Updated Oct 3, 2012 - 11:36 am
Moving in the fences is a good first step
Two notes before I get to the fences: First, Wednesday's game is a 3:40 start. It is listed on the pocket schedules as a 7:10 game but that was changed earlier this season. Game 162 starts at 3:40.
Note number two, I will be holding an end-of-the-season online chat Thursday starting at 11:30. Plenty to discuss so please feel free to drop by with questions. There will be more on the blog about this tomorrow.
To the news of the day ...
The first move of the offseason will be to bring the fences in. From right-center to the left field line the fences will be moved in as much as 17 feet closer to home plate. The biggest change will come in the left-center power alley.
"Our goal was to try and bring an atmosphere here that wouldn't punish pitching, but would also make it a fair ballpark," general manager Jack Zduriencik said of the moves.
Moving the fences was a topic that was discussed in previous offseasons, but early this season I began to hear rumblings that it could become a reality. In June, the wheels were put in motion to make the change with a committee being appointed to look at all aspects of what was happening with the batted ball at Safeco Field. Assistant general manager Jeff Kingston, who was on the committee, collected and analyzed all the numbers, but also took into account the psyche of the young hitters.
"We wanted to give the hitters a chance to where they felt if they really squared a ball up and hit it 390, 400-plus feet that they would be rewarded for it," he said. "I think, ultimately, that is what really gets to hitters. That time and time again they don't get rewarded for it and they start to change their swing. It wears on them, mentally."
We have seen that here, with young and veteran hitters alike. Mike Cameron, Adrian Beltre, even Bret Boone all have expressed frustration at trying to hit a ball out at Safeco Field as a right hander. As for the hitters on the club right now, throughout the season they said it was what it was and refused to use the park dimensions as an excuse for poor numbers. But you could sense the frustration.
Today, a couple admitted they indeed were frustrated from time to time.
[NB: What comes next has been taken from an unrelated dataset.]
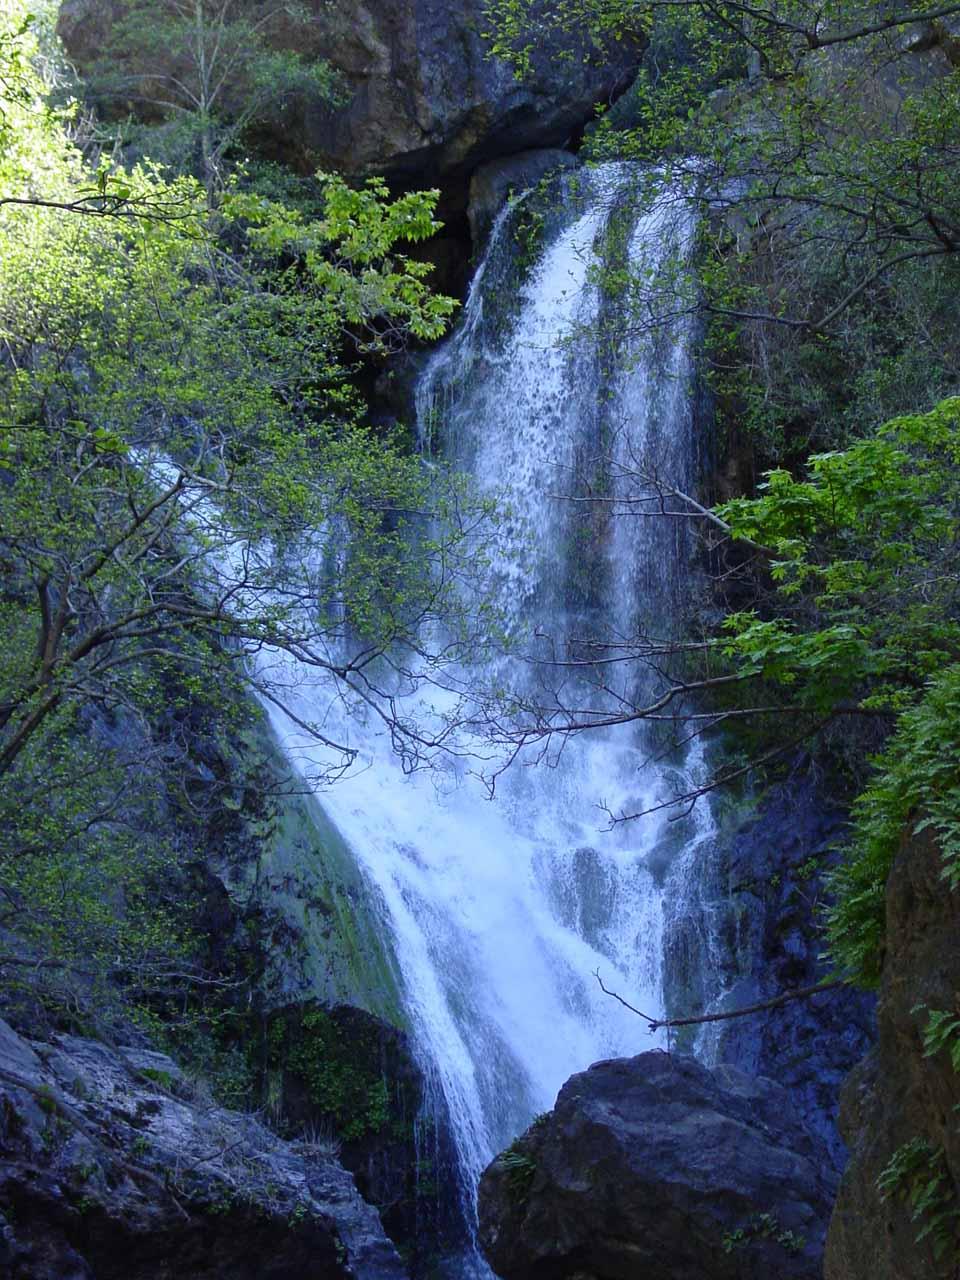 Closeup of the main plunge of Salmon Creek Falls in 2003

"You hit those balls to the warning track and they get caught and it is a confidence thing," Justin Smoak said. "It is a mental thing and that will be different next year. Knowing the fences are moving in, it gives you a little more confidence mentally and I think that is something everyone is looking forward to."
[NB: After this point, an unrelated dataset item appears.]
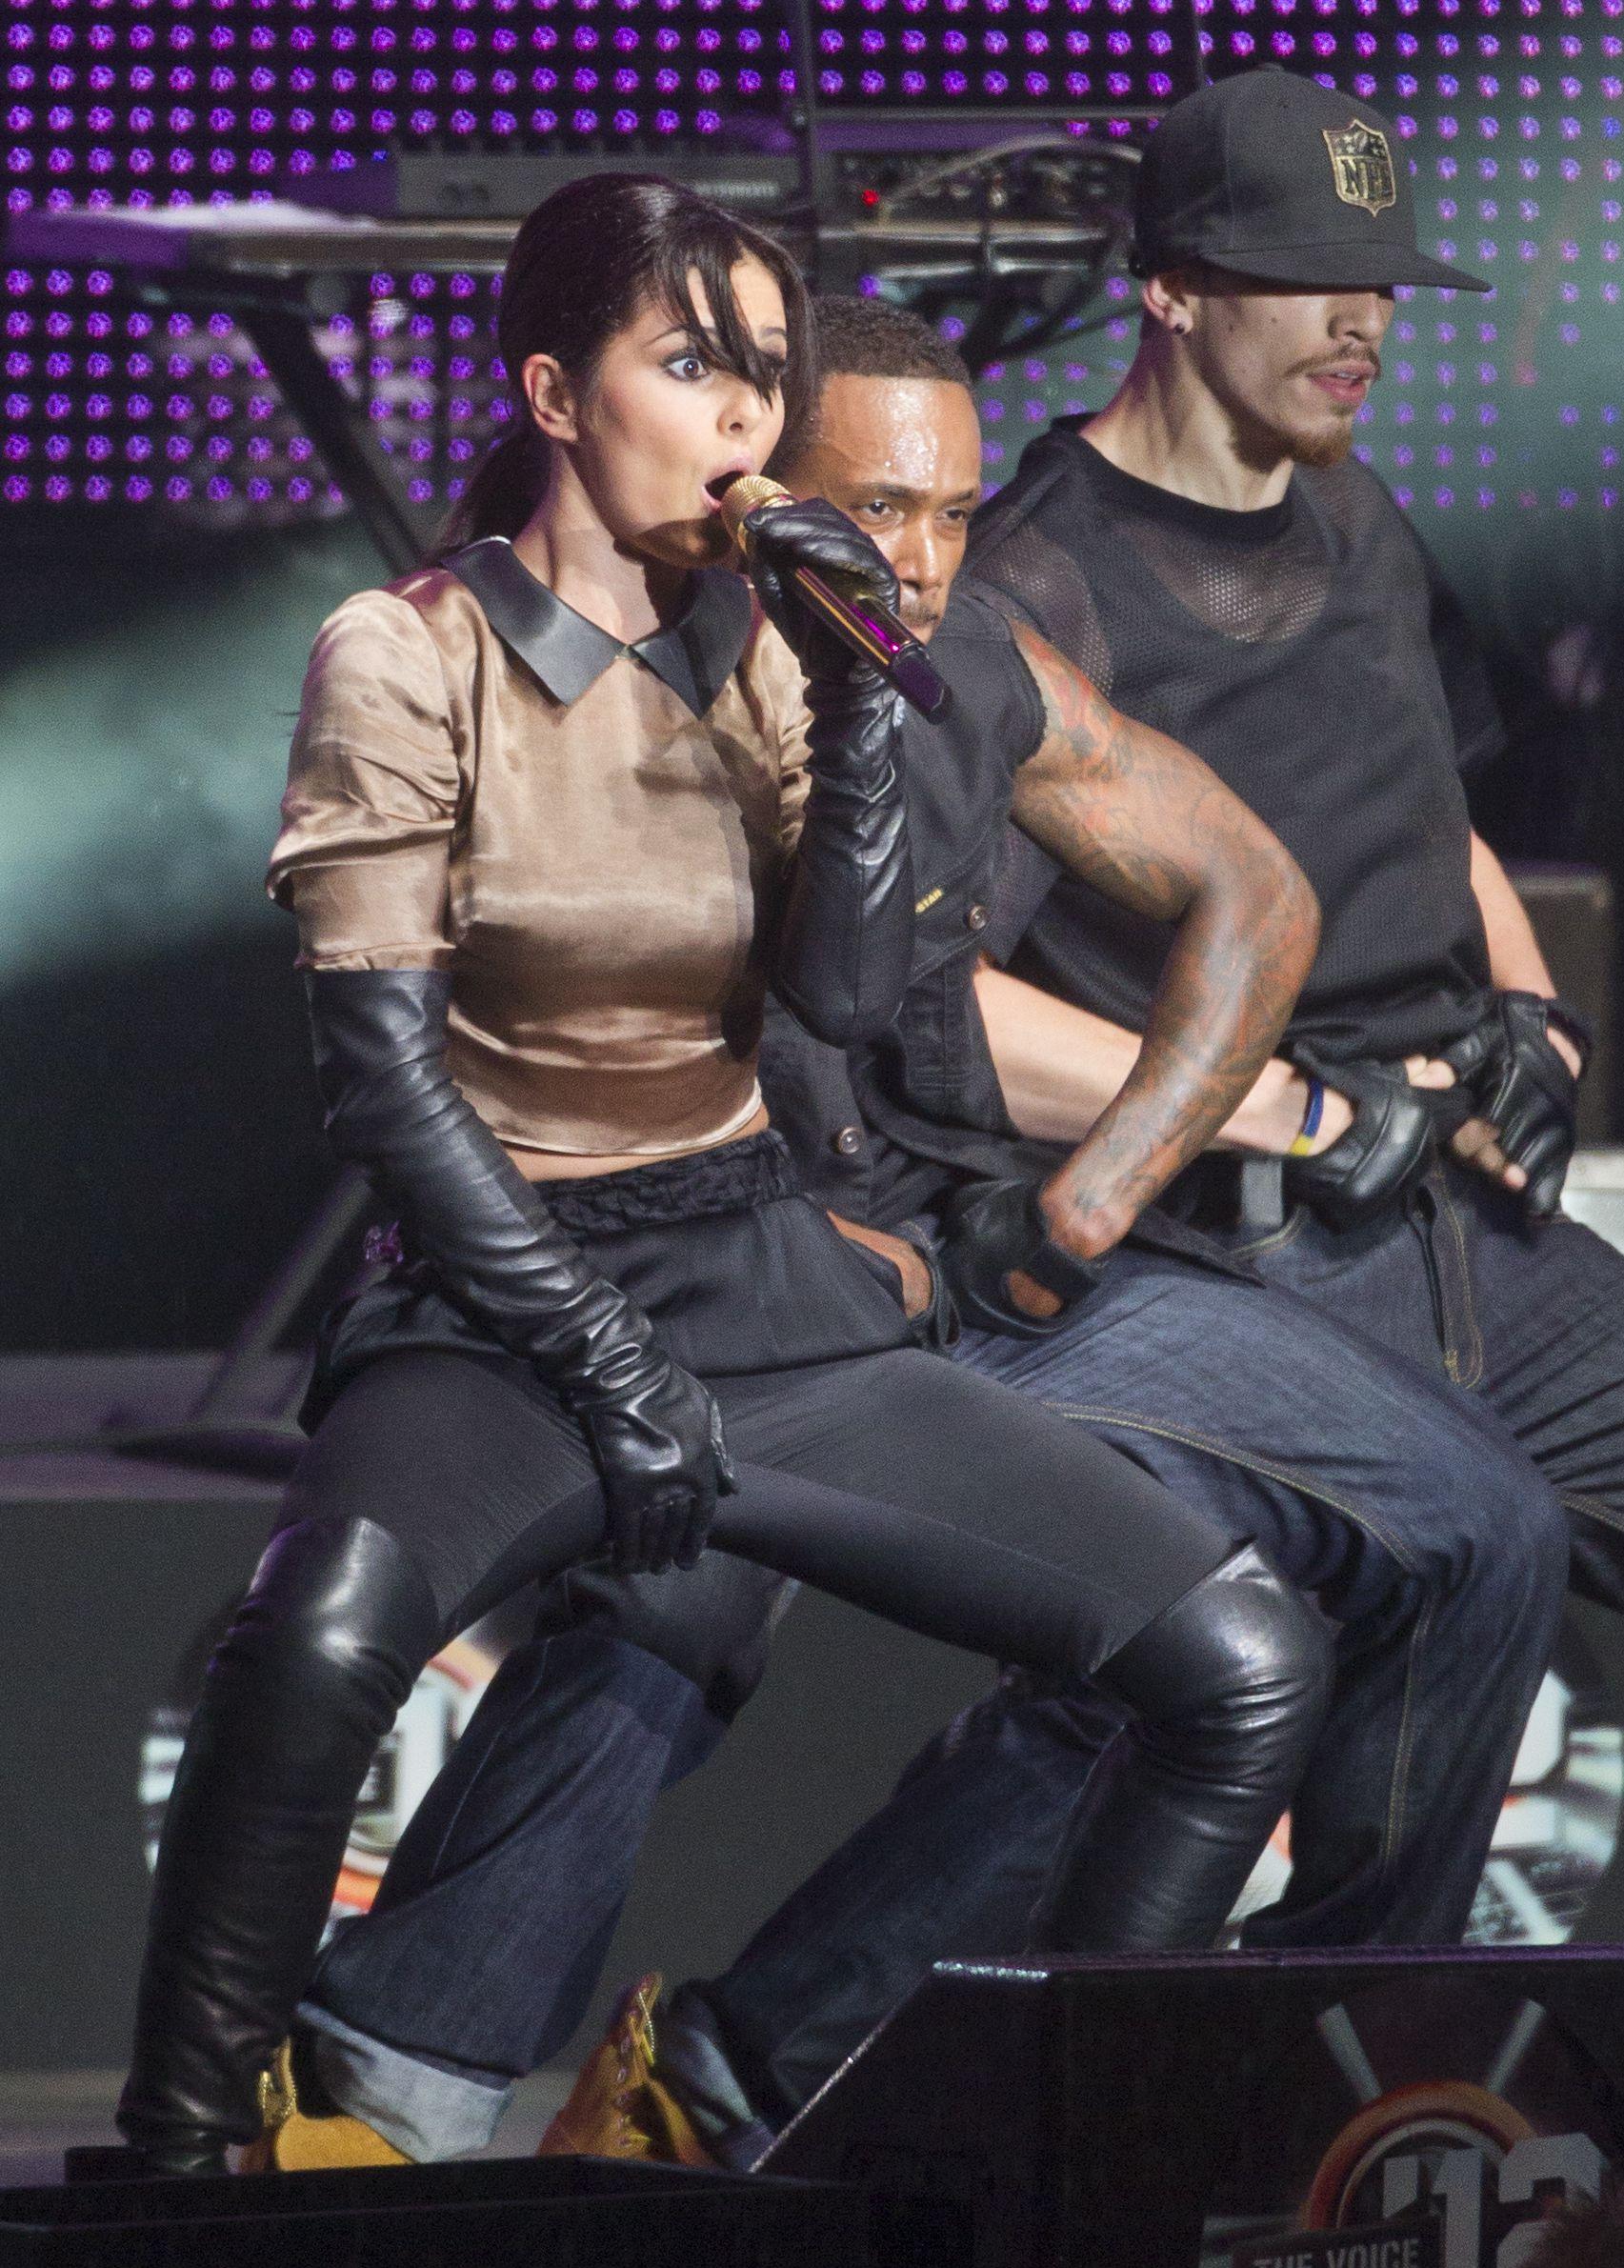 Cheryl Cole - The Voice_0001.jpg

Gary Hill has more on home runs that may have died at Safeco Field on his blog.
"It is real," John Jaso said. "Guys square up balls to center field and you think, 'That ball is gone,' and then you see the center fielder camped out at the wall and you think, 'How did that not get out?' The adjustments, I think, are going to even it out more."
Even it out, yes, but how much?
"It will still be a pitching park, but rather than an outlier, 28th, 29th, we think we will be closer to 20th," said Kingston. "There will be a range, but we still think it will be a pitchers' park."
The pitchers appear to be on board. Zduriencik called Felix Hernandez Tuesday morning and told him about the changes. Felix was not surprised and not worried.
"Hey, it's good," he said. "It's going to help a lot. They (hitters) are going to be more comfortable, not hit the ball too hard. I have no problem with it."
As for personal challenges, Felix is not worried.
"When they hit the ball hard off me it is going out," he said matter-of-factly.
So one more game with the old dimensions. Again, this is only move number one of the offseason. It no doubt will benefit the hitters who are here, but those hitters will still need help. It is time to add an impact bat or two. Moving the fences may help that as well. The park will be more hitter-friendly and hopefully more free-agent-friendly.
Move one could help facilitate move two.